Should firefighters open a BESS container during a fire?
Firefighters should not open a BESS container, cabinet, or panel during an active or suspected battery event unless there is an immediate life-safety need and the risks are fully understood. Opening an enclosure can introduce oxygen, release accumulated gases, and increase responder exposure.
What gases are released during lithium-ion battery fires?
Lithium-ion battery failures can release gases such as carbon monoxide, hydrogen fluoride, hydrogen, carbon dioxide, hydrocarbons, electrolyte vapors, and other hazardous compounds. Some gases may be present before visible flames appear, making air monitoring a critical part of incident response.

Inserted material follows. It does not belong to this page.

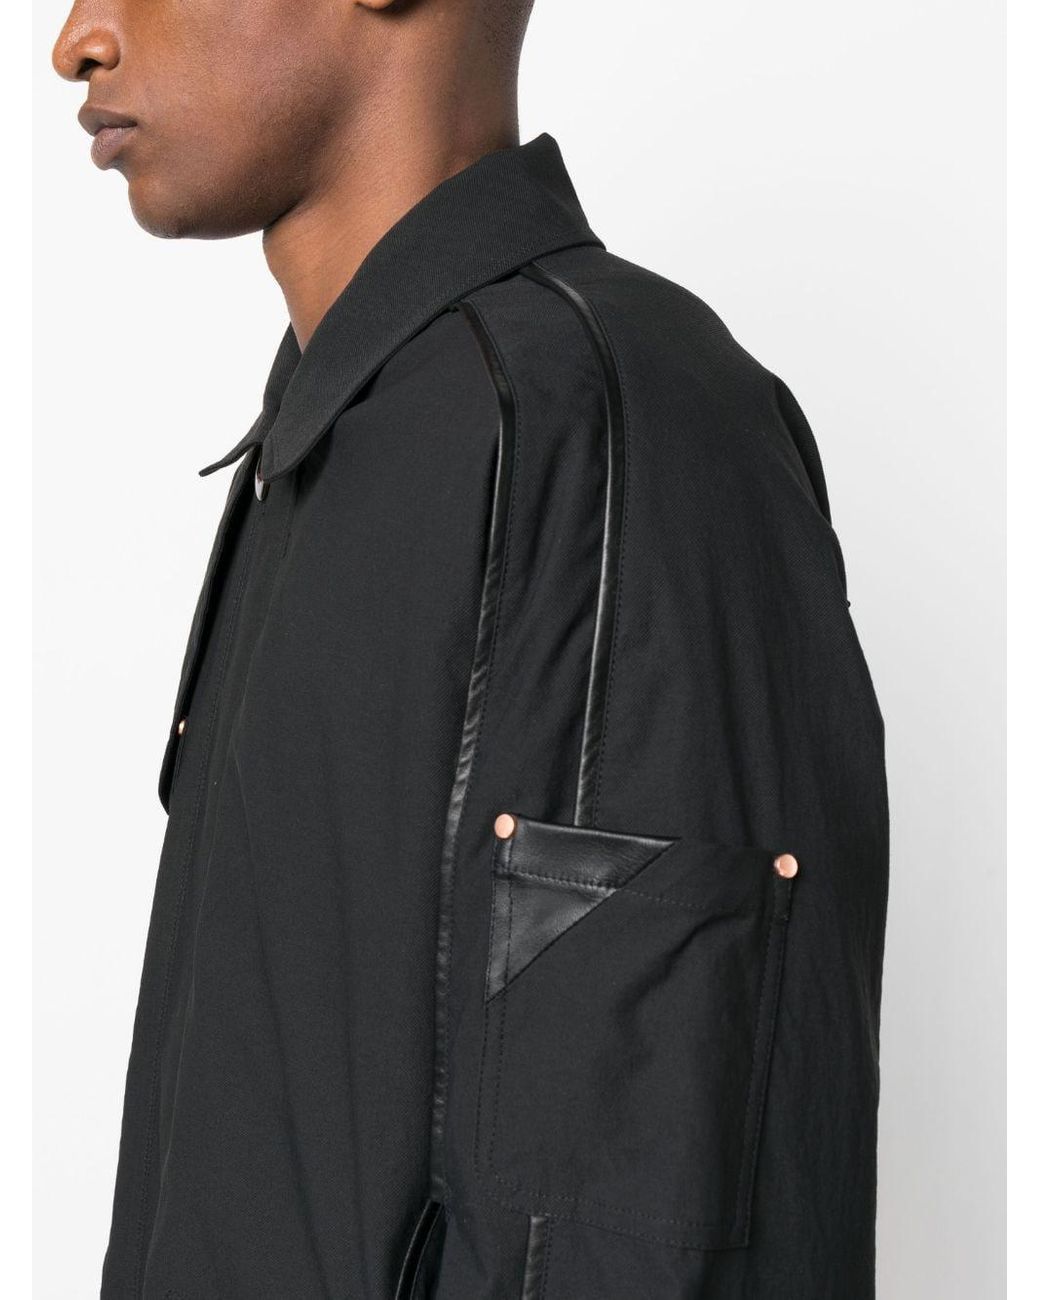 Kiko Kostadinov Uniform Spread-collar Jacket in Black for Men | Lyst

Can water extinguish a battery energy storage fire?
Water can be effective for exterior cooling and exposure protection, but it may not stop thermal runaway occurring inside battery cells. Fire departments should follow the site's emergency response plan and consider runoff management during suppression operations.
How does immersion cooling improve BESS firefighter safety?
Immersion cooling improves firefighter safety by continuously removing heat from battery cells, maintaining uniform temperatures, preventing ignition, stopping thermal propagation, and isolating cells from oxygen during failure events. This reduces the likelihood of fire escalation and hazardous responder exposures.